= Alan St. Clair =

British guitarist (born 1959)

Alan St. Clair (born 18 May 1959) is a British guitarist, who played with several prominent punk and new wave musicians in the 1970s and 1980s.

==Biography==
In 1977, he helped form punk band Dog Days, alongside Simon Le Bon, later of Duran Duran. Other members included Peter Johns, Carol Isaacs and Olivier Behzadi. One demo tape was made, one concert played before they disbanded when Le Bon left London for University in Birmingham. After the band dissolved in 1978, St. Clair continued to work with Peter Johns, and in 1980 formed Voxpop, alongside Ian Johns, Steve Wilcox and Neil Pyzer, until 1981 when they disbanded. The same year, he formed Dive Dive Dive with David Pearson, Vincent Pitt, Patrick Ahern and John Pilny and Beau Shave. Demos and concerts followed.

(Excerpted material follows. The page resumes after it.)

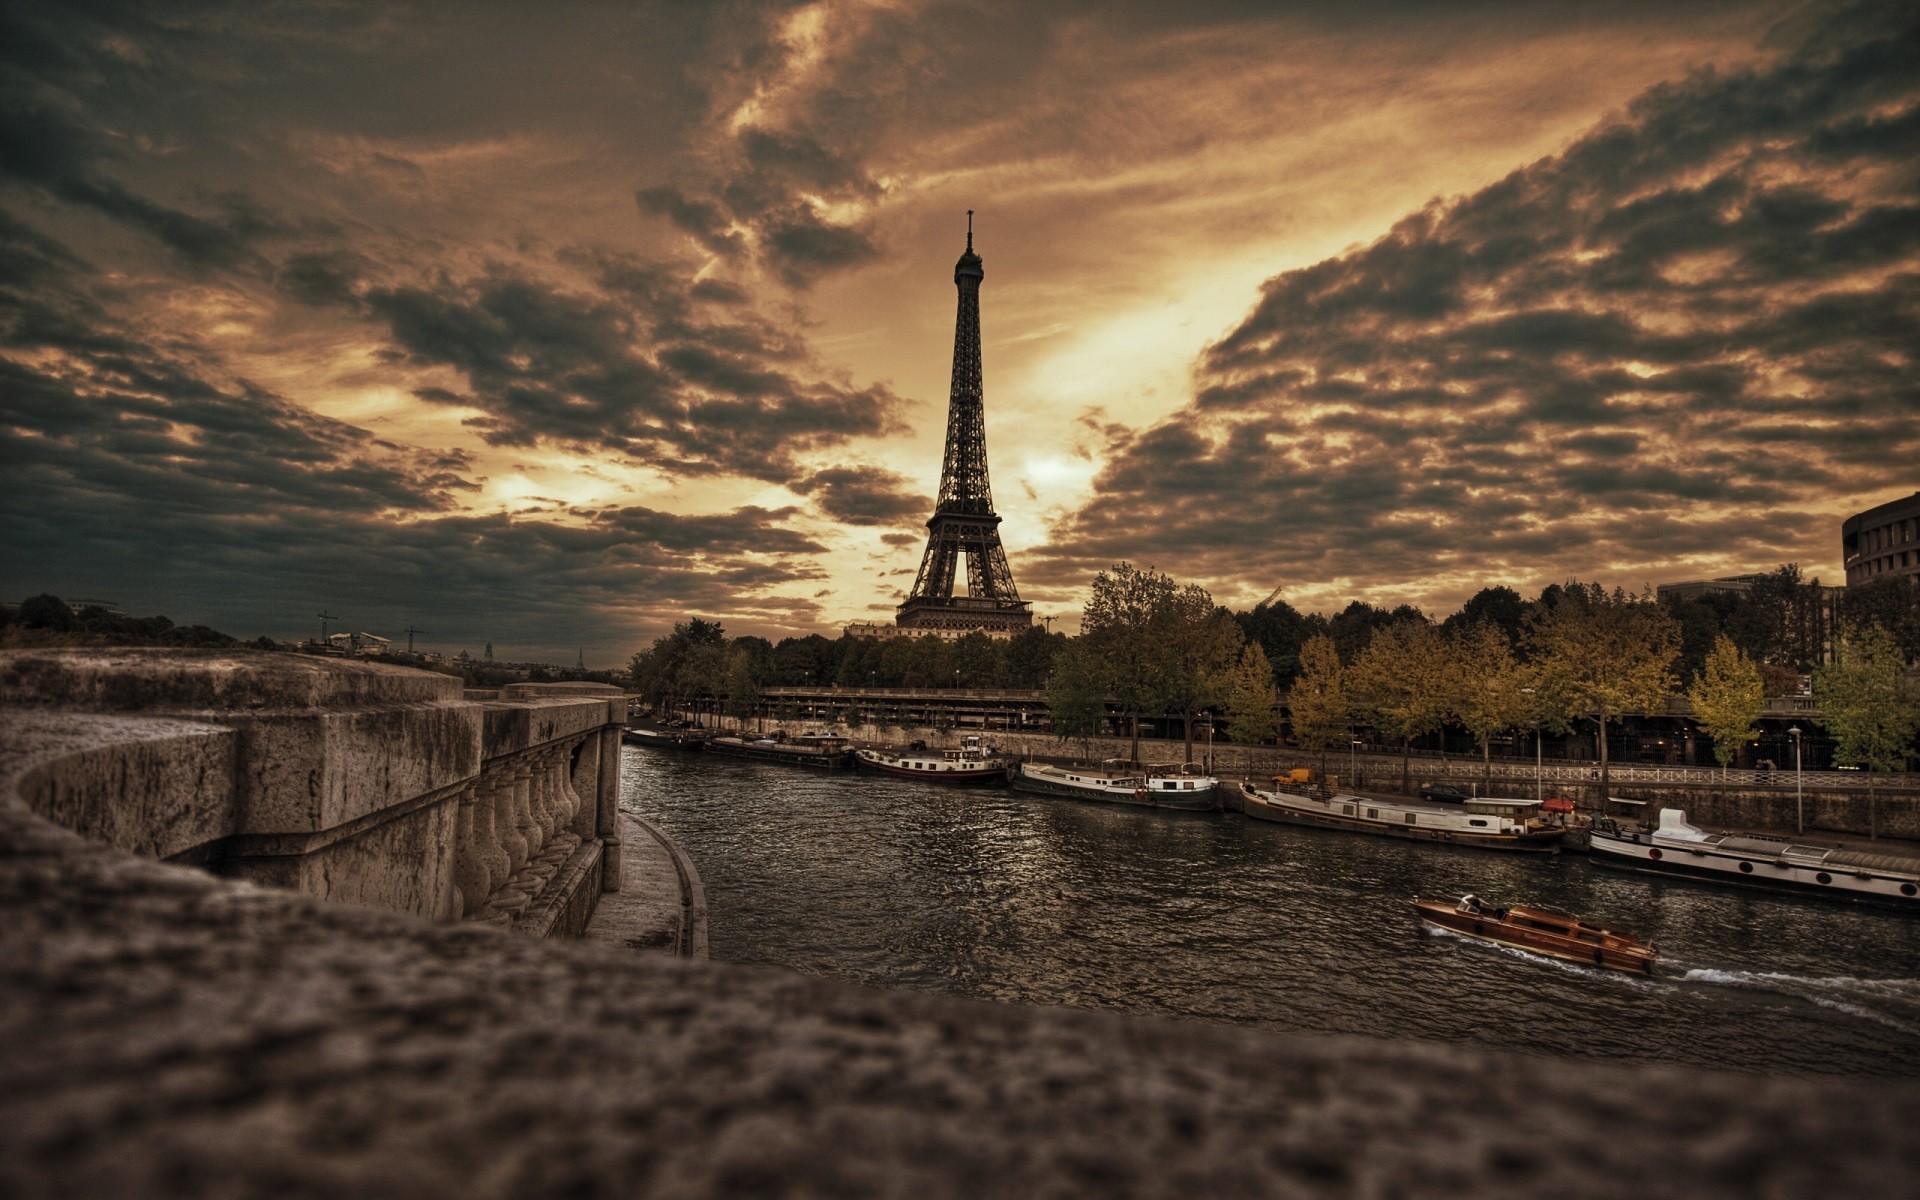 General 1920x1200 city Paris France Eiffel Tower river clouds overcast sunset boat

In 1982, he also began to work with Howard Devoto (singer of Buzzcocks and Magazine), helping him with his solo career, playing guitar on his album, Jerky Versions of the Dream. North America and European tours followed. While he was with Howard Devoto, he joined Spear of Destiny. He left Spear of Destiny in 1986 after demos were made of the album that became Outland. St. Clair was asked to rejoin Spear in 1988 to tour their new album, The Price You Pay. Further demos were made by Kirk Brandon and St. Clair, some of which would later appear on Sod's Law, although not performed by him.

St. Clair was also introduced to various performing artists including Alex Gifford of Propellorheads. Demos were made, but no concerts ensued. St. Clair's last official band was ATR, alongside Harry Matthews, Richard Ramsay, Stuart Johnson and Mark Johnson.

He now lives in Portugal designing and producing bespoke furniture and guitars.